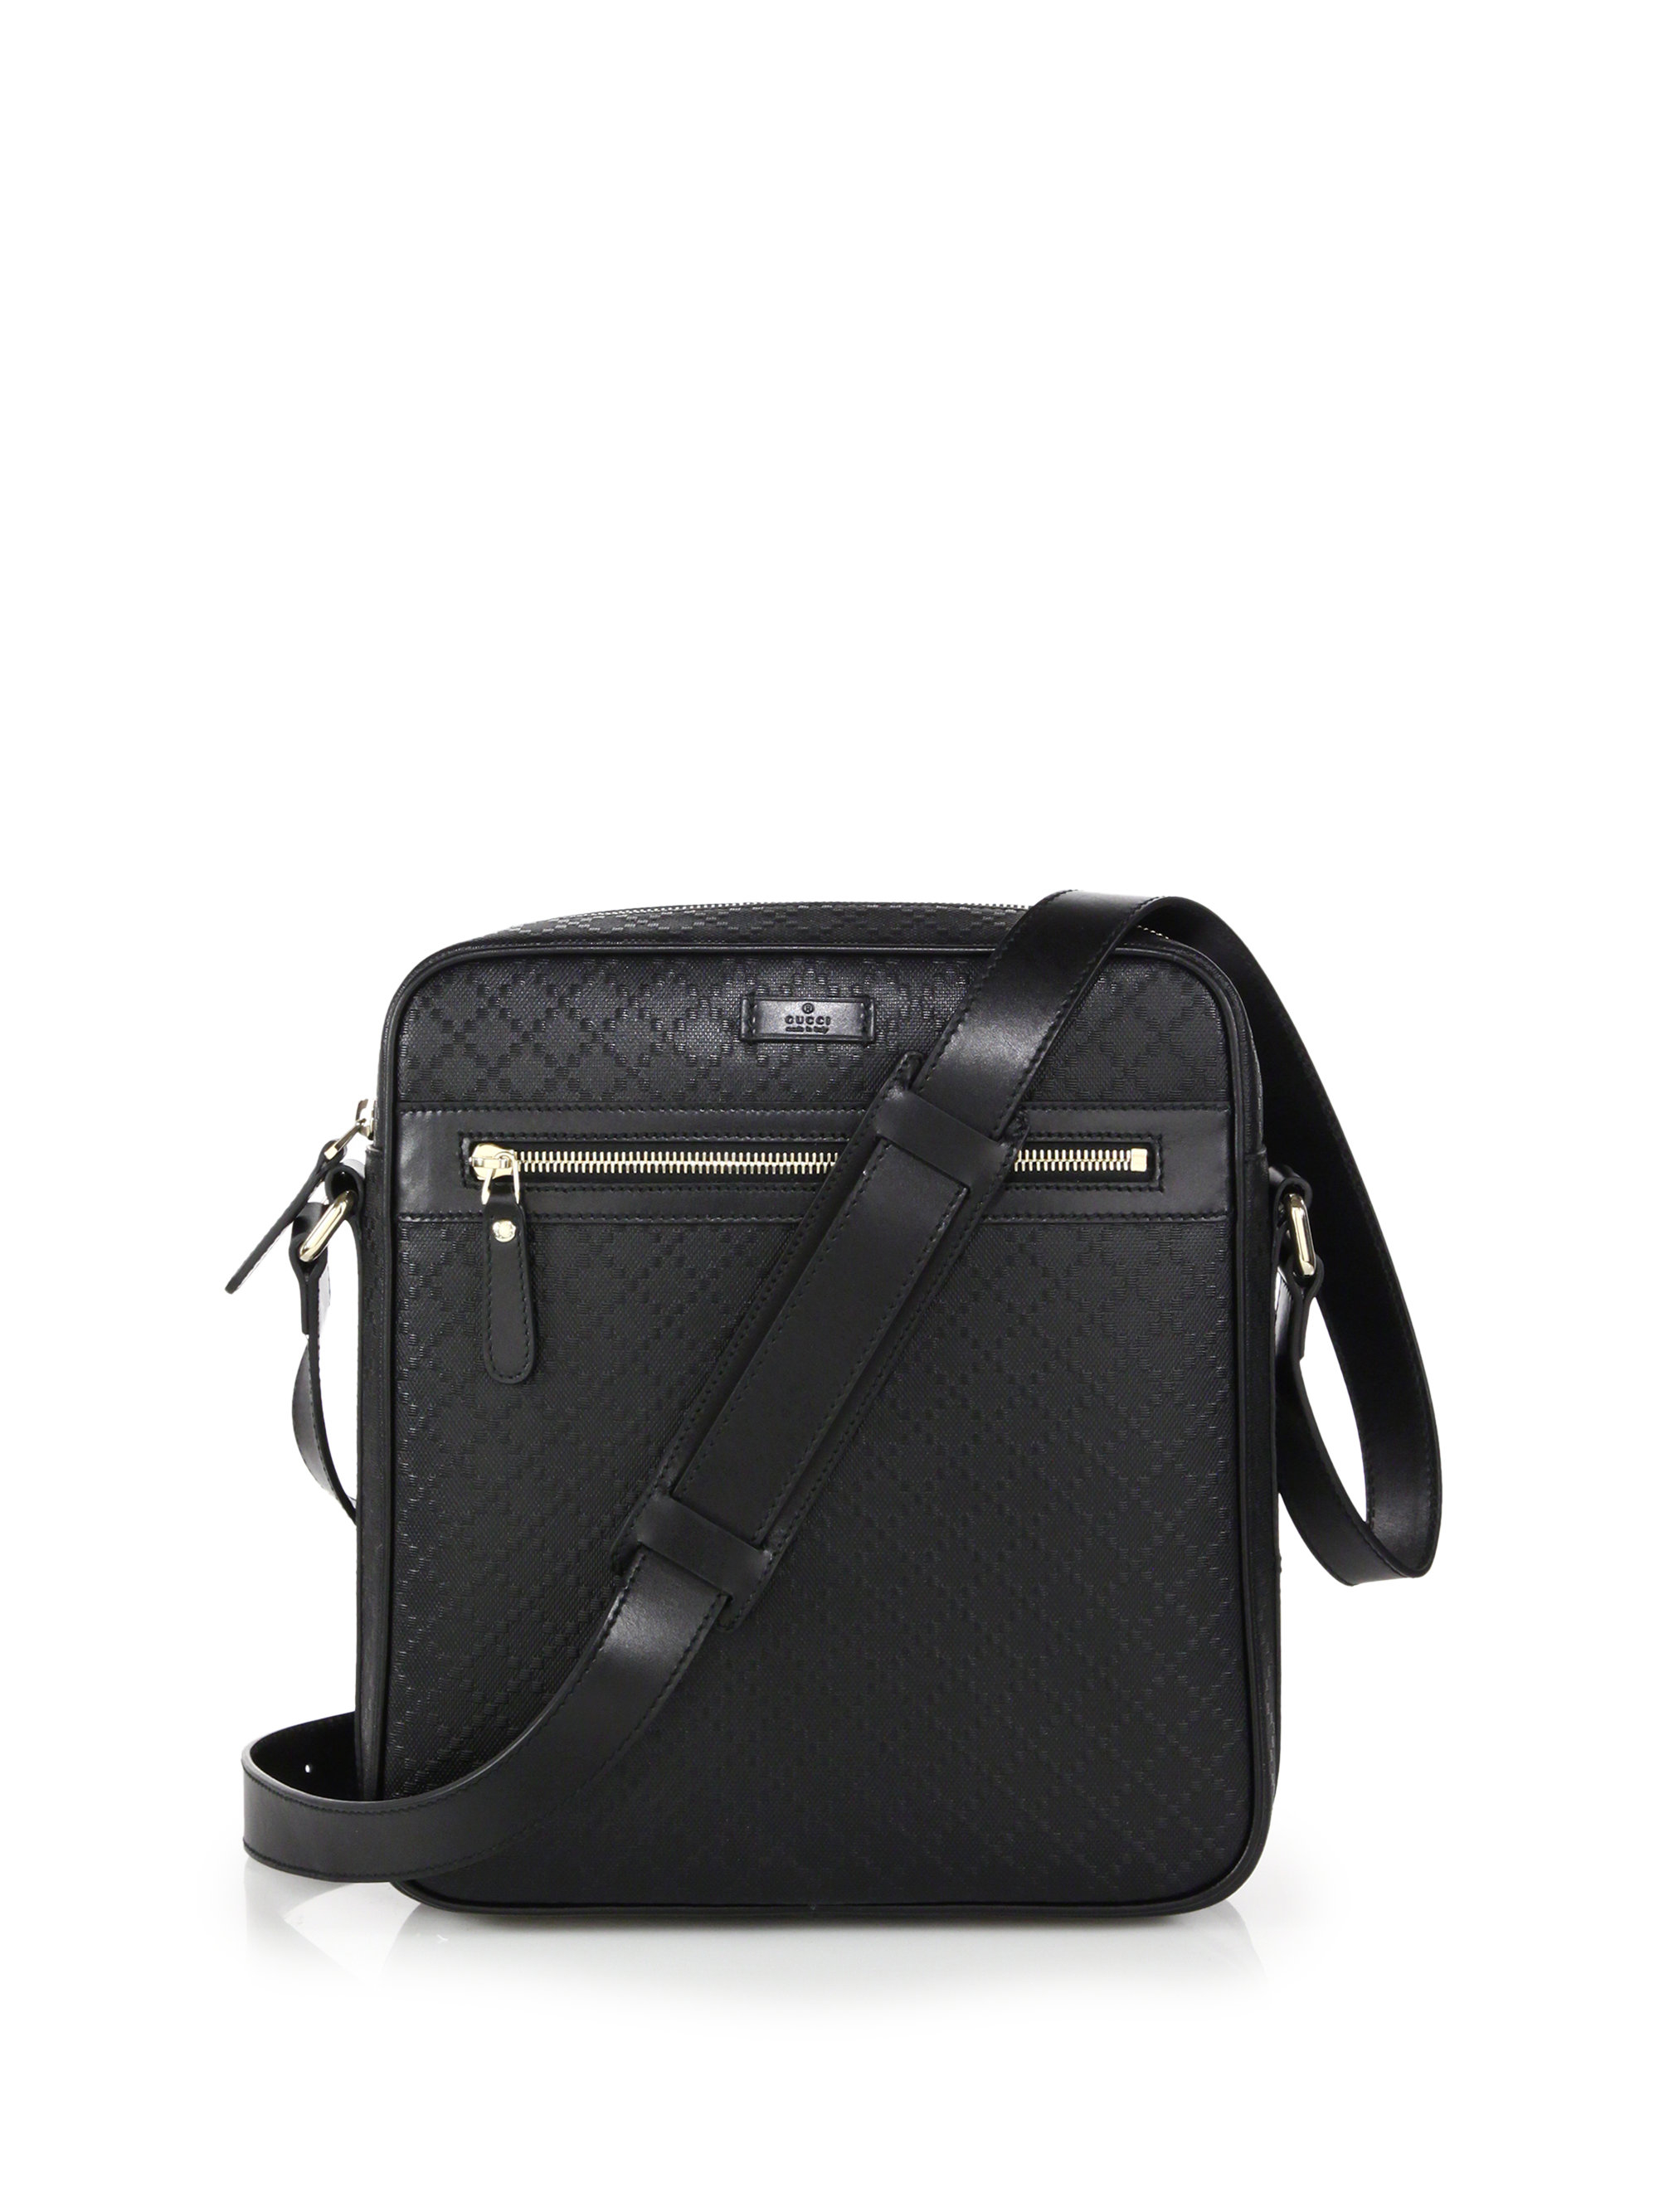 Gucci Bright Diamante Leather Shoulder Bag in Black for Men - Lyst
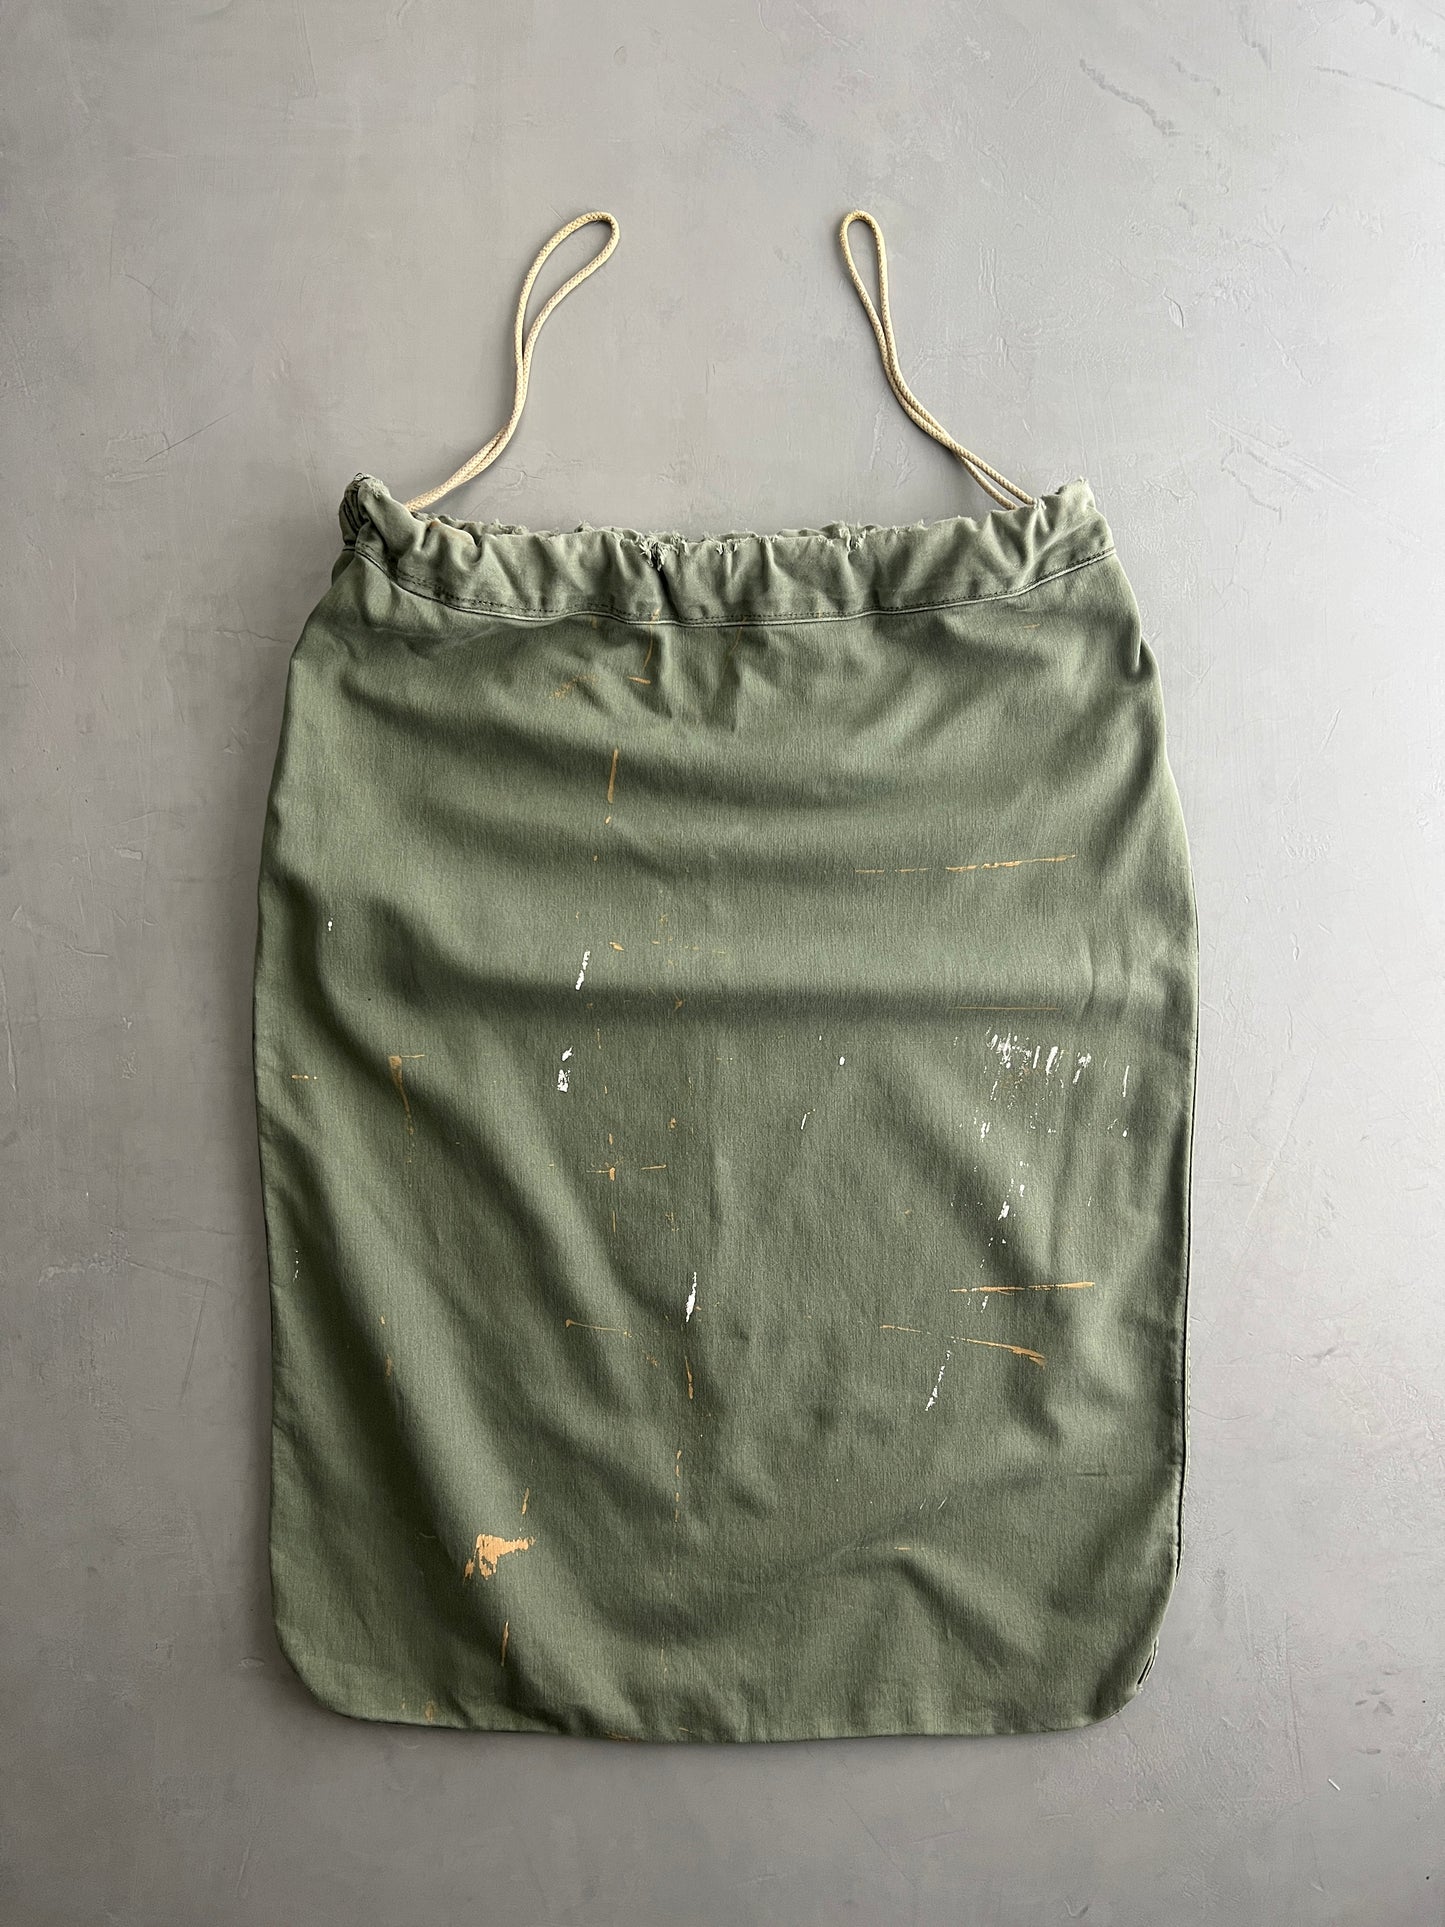 Sun-faded U.S.M.C. Laundry Bag
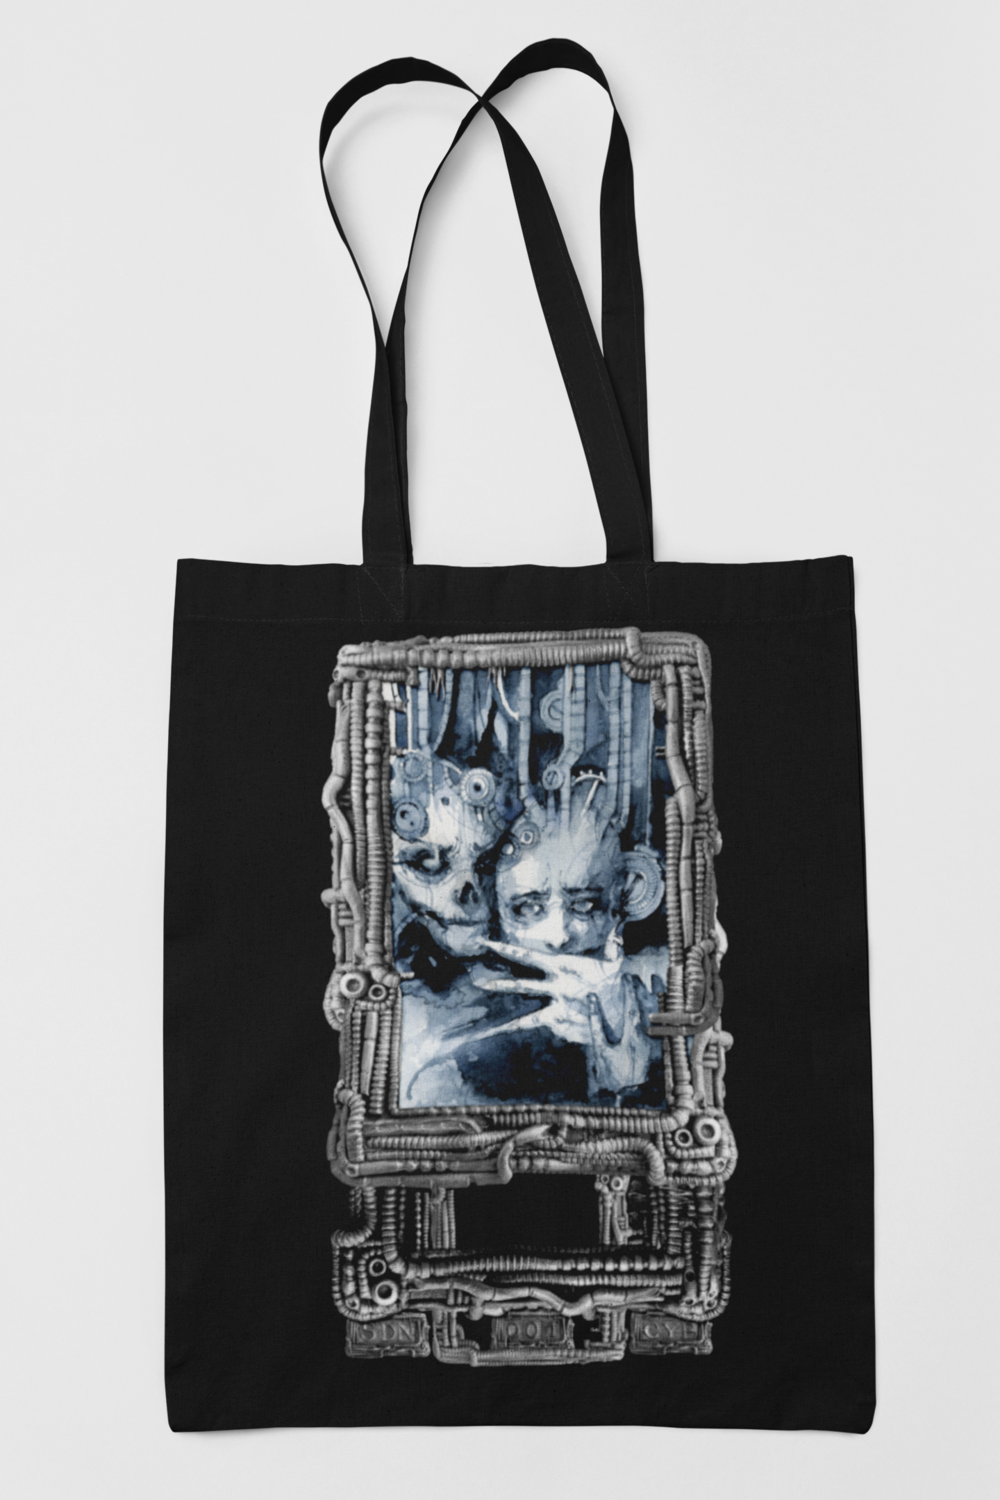 Tote bag - Muter (Coverdesign)

--

→ EXERCISE DIRECTIONS
Reprint the listing above exactly, without images.

→ RESPONSE FOR THIS EXERCISE
 Gucci Bright Diamante Leather Shoulder Bag in Black for Men - Lyst
 Sun-faded U.S.M.C. Laundry Bag
 Tote bag - Muter (Coverdesign)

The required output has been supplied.